People (journalists particularly) haven't stopped reminding the president––who's been known to contradict himself on a daily basis––of what he once said, either.

Here are just a few of the moments during the 2016 campaign when Trump proclaimed to "love" WikiLeaks:

During the 2016 presidential campaign, Trump praised WikiLeaks for its role in disseminating material stolen from the servers of the Democratic National Committee and Clinton campaign. In July 2016, Trump went so far as to invite Russia to hack Hillary Clinton’s emails, asking the Kremlin to find “the 30,000 emails that are missing” from the personal server she used during her tenure as Secretary of State.

Trump's denials are meritless when we consider that Roger Stone,  the president's longtime former political adviser, was arrested in January as part of the special counsel investigation over his communications with WikiLeaks.

Additionally, Donald Trump Jr., the president’s oldest son, released exchanges he had with the WikiLeaks Twitter account via direct messages during the 2016 presidential campaign after The Atlantic first reported on the correspondence.

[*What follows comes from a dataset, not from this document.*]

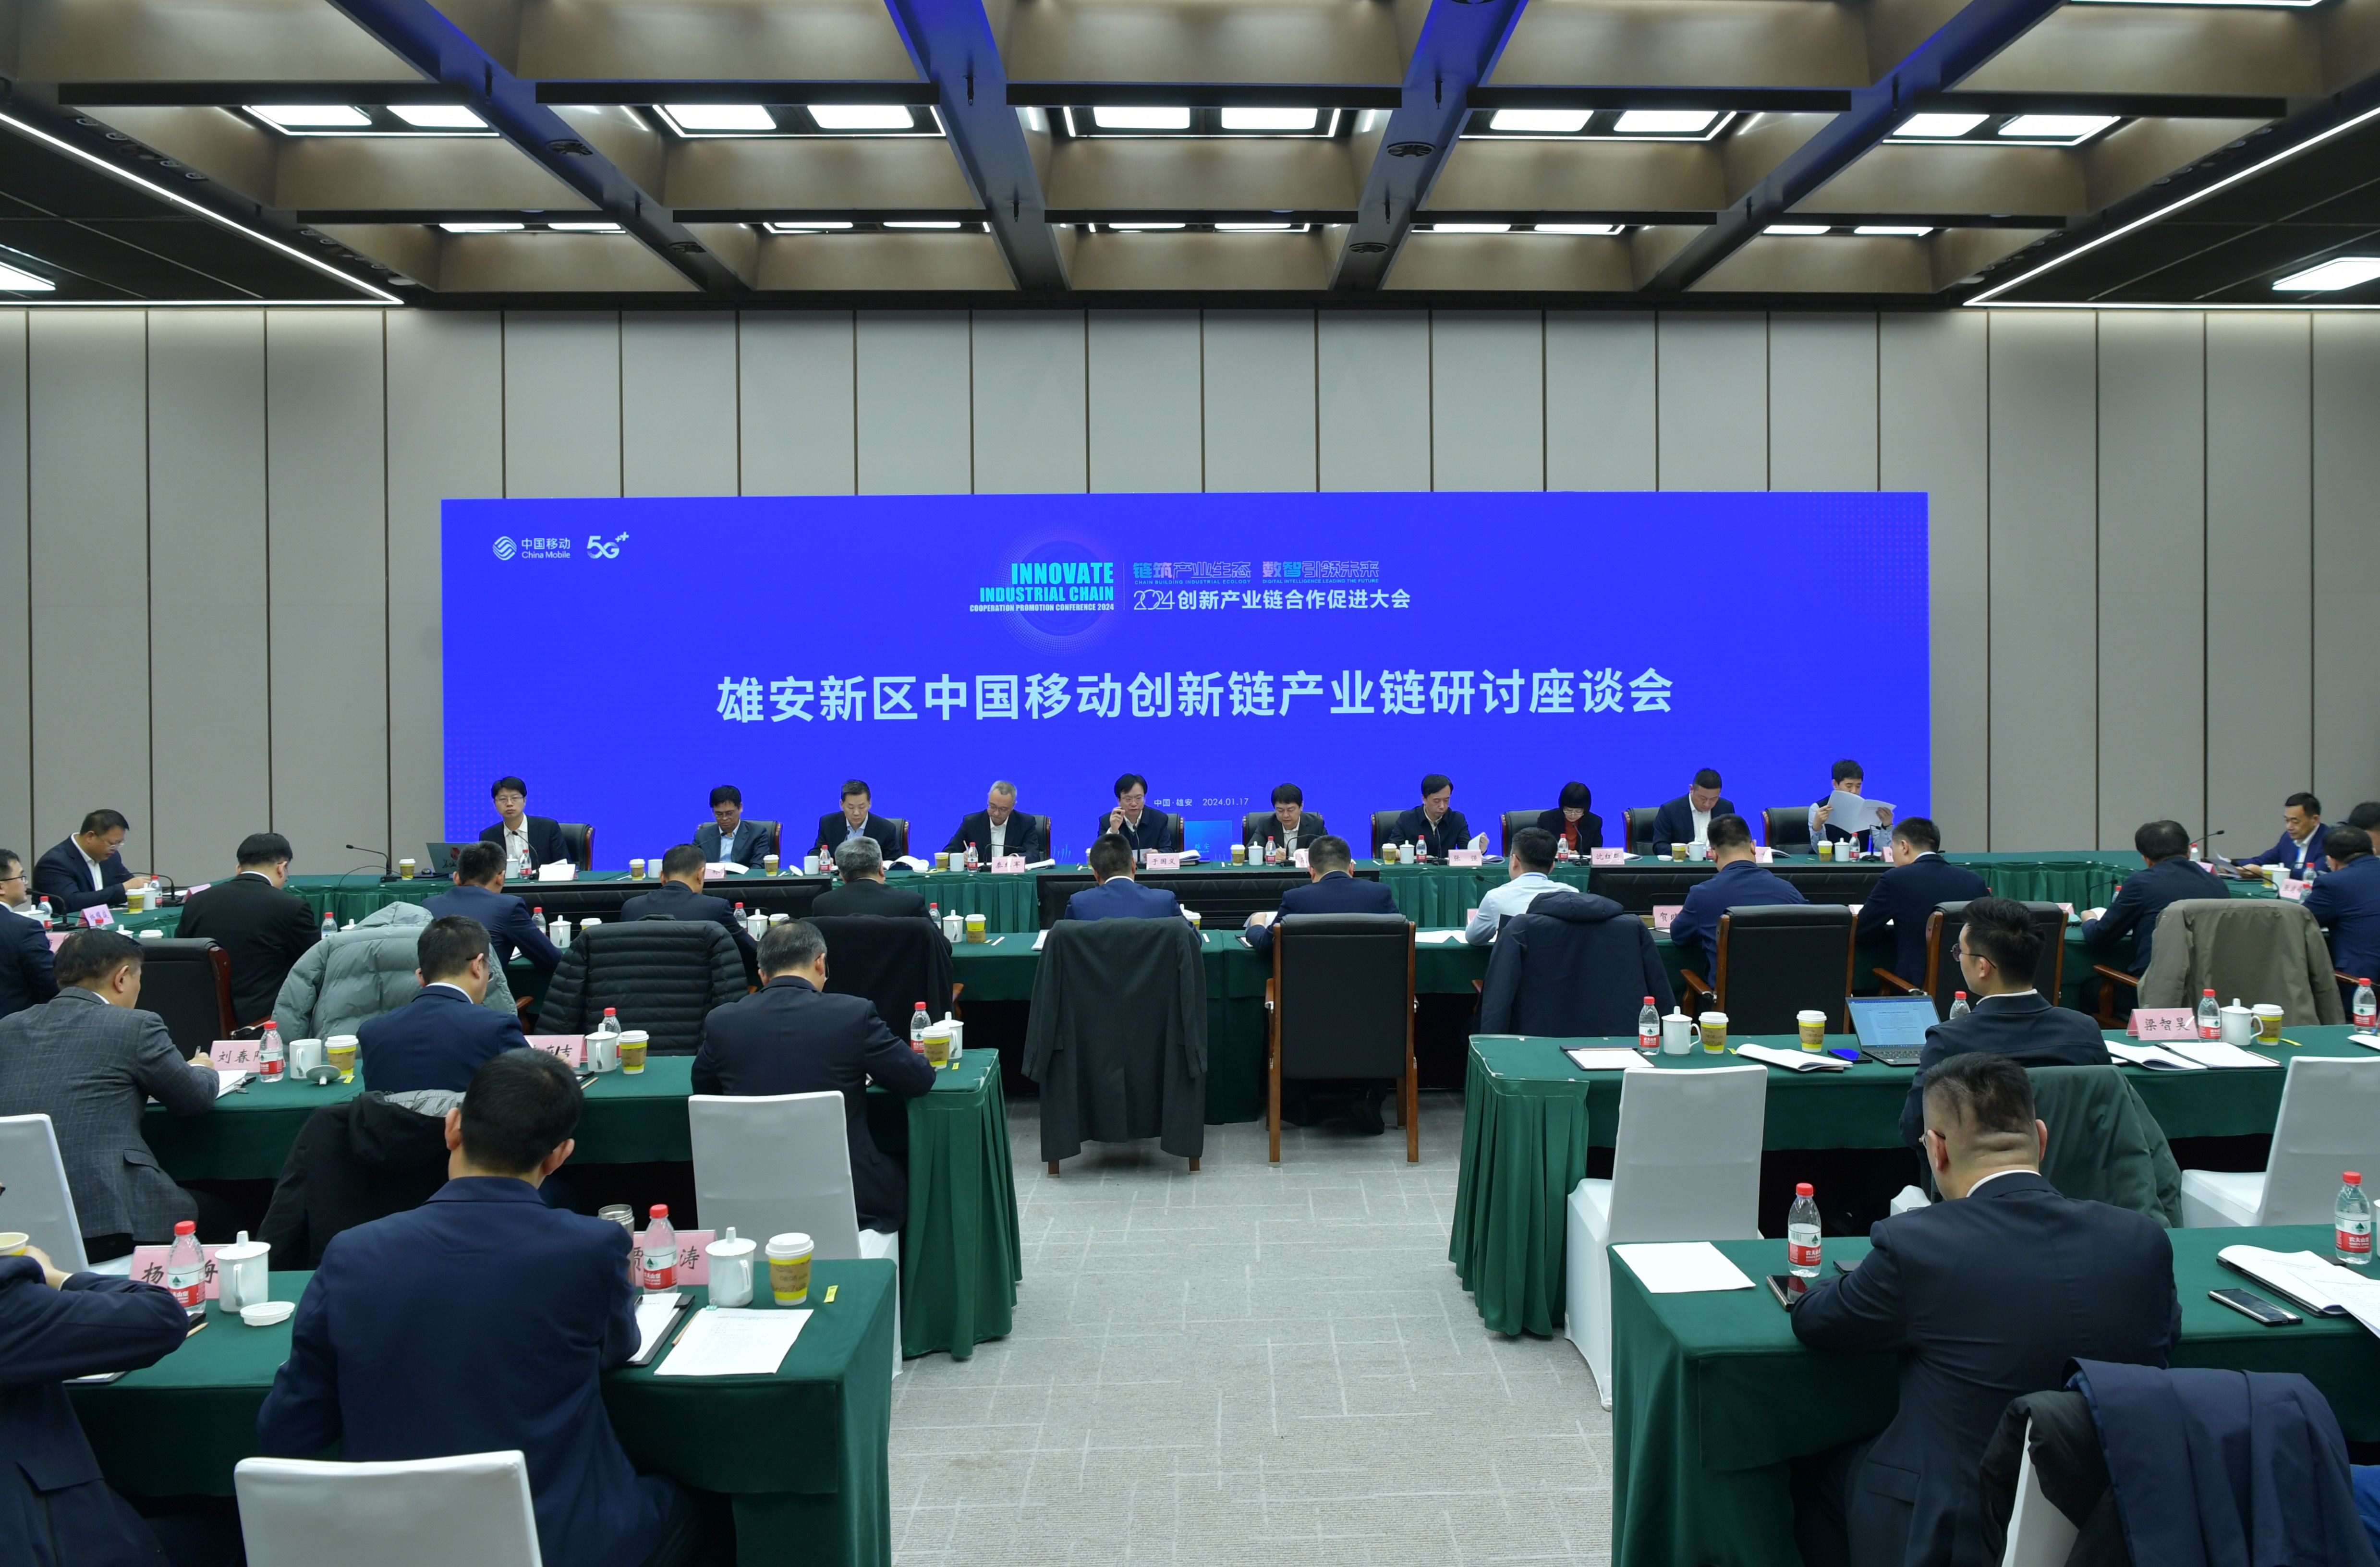 “聚要素、落产业、建生态” 雄安新区中国移动创新链产业链研讨座谈会举行
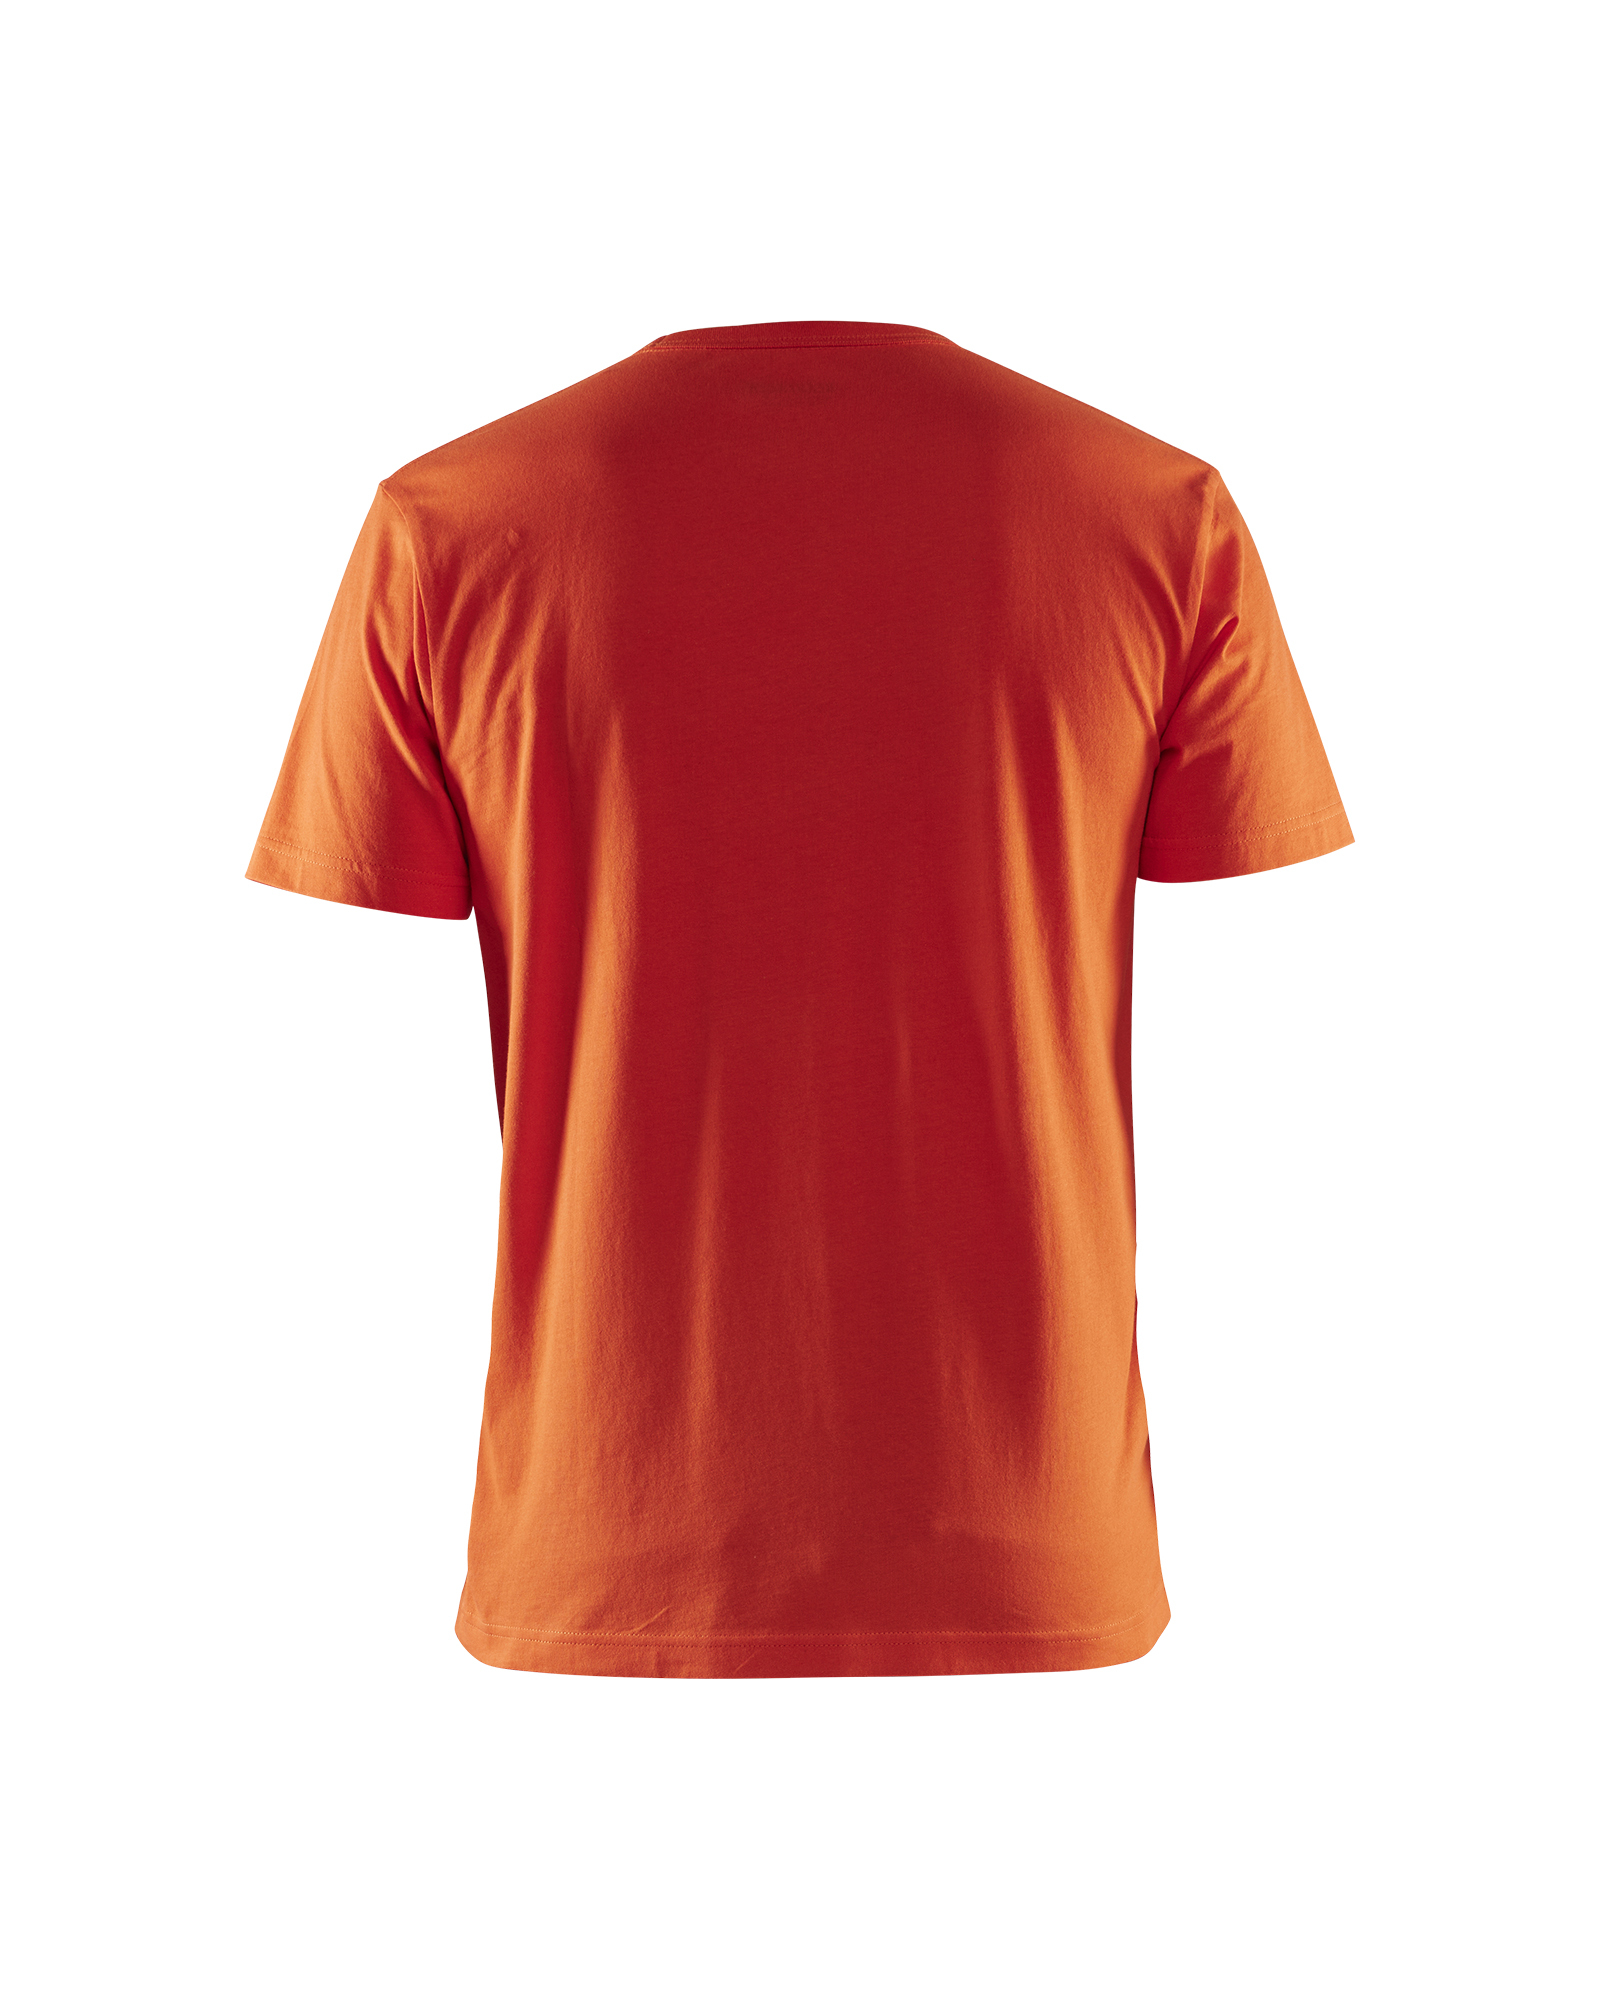 T-shirt imprimé 3D Blåkläder 3531 Orange fluo Blaklader - 353110425409

The messages, The Atlantic pointed out, “are part of a long—and largely one-sided—correspondence between WikiLeaks and the president’s son that continued until at least July 2017” and suggest WikiLeaks, “a radical transparency organization that the American intelligence community believes was chosen by the Russian government to disseminate the information it had hacked, actively soliciting Trump Jr.’s cooperation.”

After The Atlantic went public with the messages, Trump Jr. decided to post them to his personal Twitter account. “Here is the entire chain of messages with @wikileaks (with my whopping 3 responses) which one of the congressional committees has chosen to selectively leak,” he wrote. “How ironic!”

Assange was arrested and charged with a single count of conspiracy to hack a classified Defense Department computer. He is accused of conspiring with U.S. Army intelligence analyst Chelsea Manning, then known as Bradley Manning, to obtain a government password and release secret government documents. Manning served a seven-year prison sentence for her role in providing 750,000 classified, or unclassified but sensitive, documents to WikiLeaks, a violation of the Espionage Act.